I’m online a few hours a day, and I use a number of applications which also use Google Analytics to track users, so the amount of data that is gathered over many years must be staggering.
No wonder I got so many ads for fishing boots for a week after I did a couple of Google searches for fishing boots.
It may also know where you’ve been, what you’ve bought and who you communicate with.
How is that not scary? Seriously.
Such targeted advertising is used to influence and manipulate you while you’re online. Mac360’s Wil Gomez thinks such “Targeted Advertising Should Be Illegal” and if there is enough outcry it will be.
Advertisers may disagree, but after having been tracked and stalked incessantly for the past decade by the likes of Google, Facebook, and others of similar ilk, their advertising still sucks. Hey, advertisers, just because I searched Google for CBD oil doesn’t mean I need it by the gallon. Hey, Amazon, just because I bought a scissor jack doesn’t mean I’m starting a collection.
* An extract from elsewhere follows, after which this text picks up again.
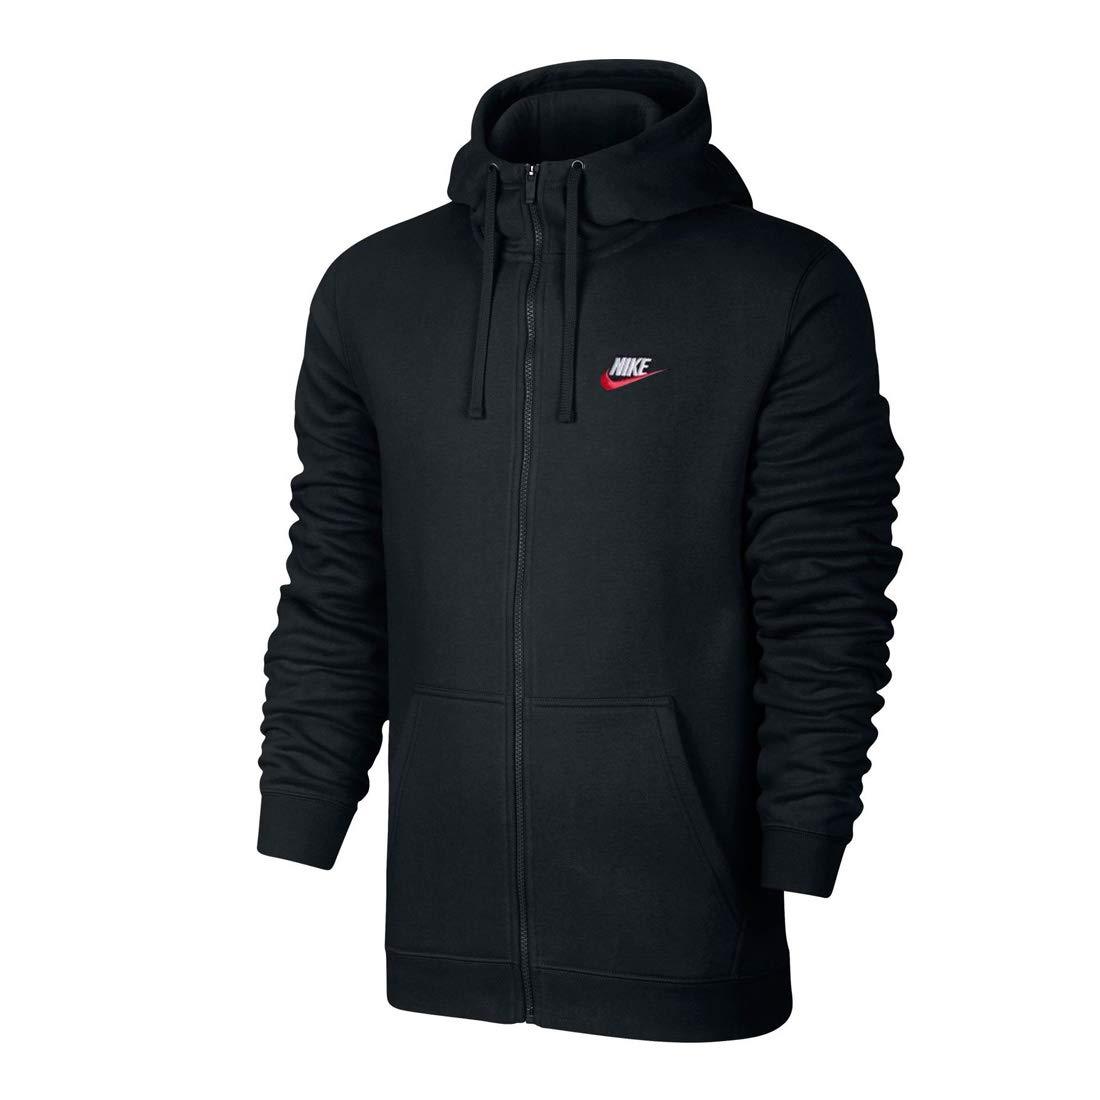 Nike Men Dry Full-Zip Hoody L//S Top Black Gray Training Hooded Tee Jacket 860466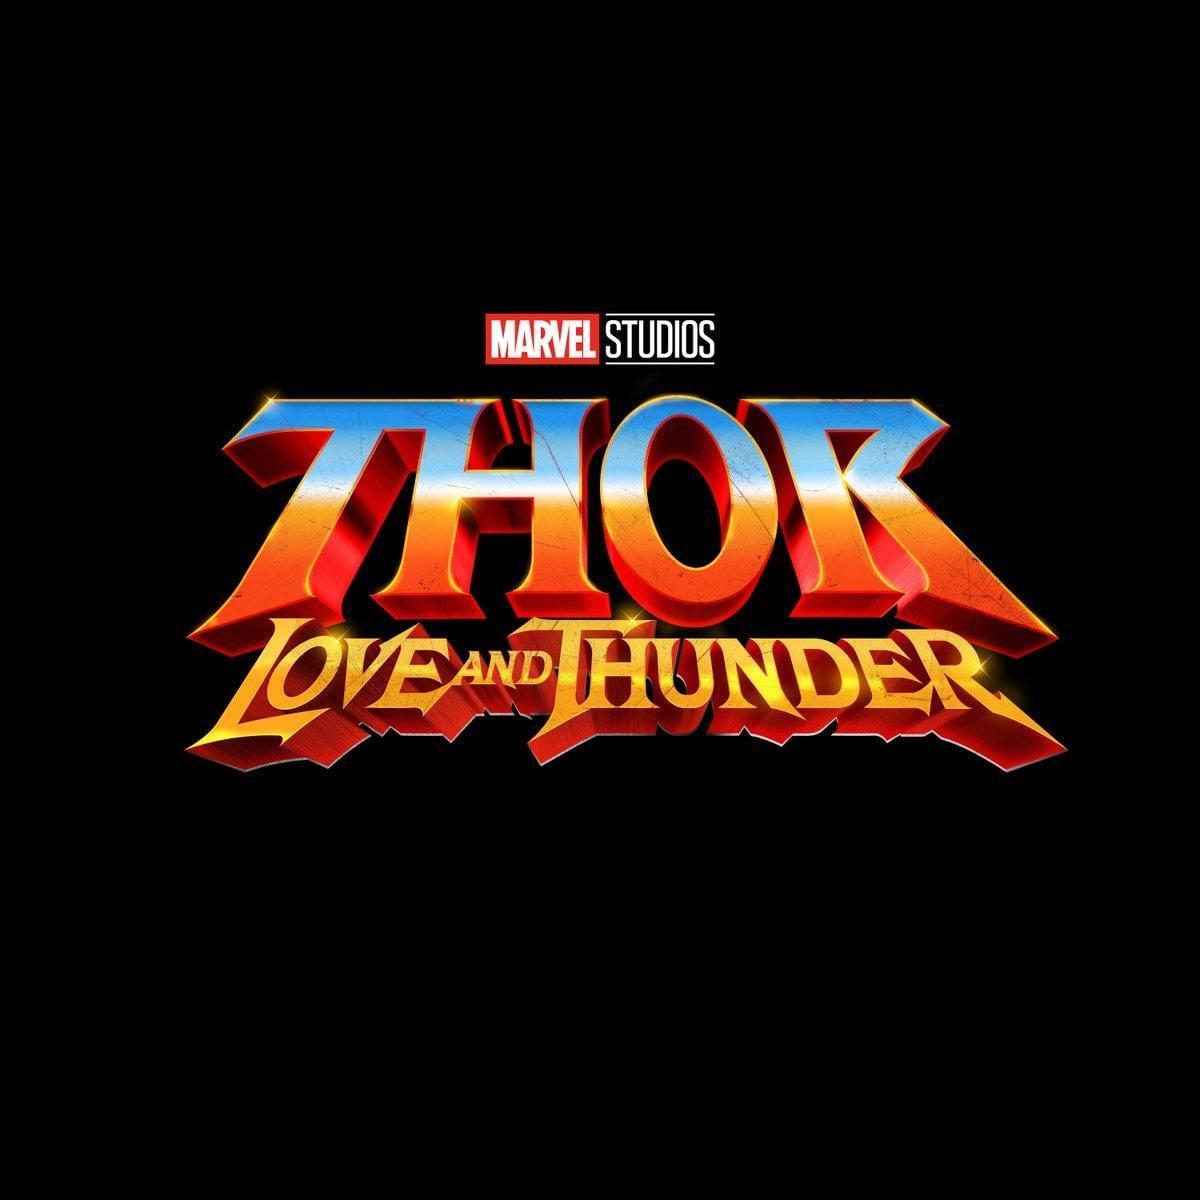 Marvel объявила 10 фильмов 4-й фазы на 2020 и 2021 годы (d 9kfw2u8aez4fz.0)

By comparison, what information does Google collect about you? Fried:
- The terms you search for.
- The videos you watch.
- Voice and audio information when you use audio features.
- Purchase activity.
- People with whom you communicate or share content.
- Activity on third-party sites and apps that use Google services.
- The ads and content you view on Google’s sites, as well as interactions with that content.
- Chrome browsing history you’ve synced with your Google Account.
- Location data, which Google can either gather directly via GPS data or infer from other sensors and data, including IP addresses, nearby Wi-Fi routers and Bluetooth beacons.
Is that not sufficient information for Google to run a successful advertising business? Facebook works much the same way and between the two own more than half of all online advertising.
Can you understand why I refuse to use Google’s Chrome browser, and why it is sad that Microsoft has abandoned its own browser to use Google’s Chromium platform? Can you understand why I complain about Apple collecting billions in profits from Google each year to keep the search engine giant the default search on Safari’s one billion users?
Fried has a good list of options if you want to avoid Google’s collection agency, but it may be too late.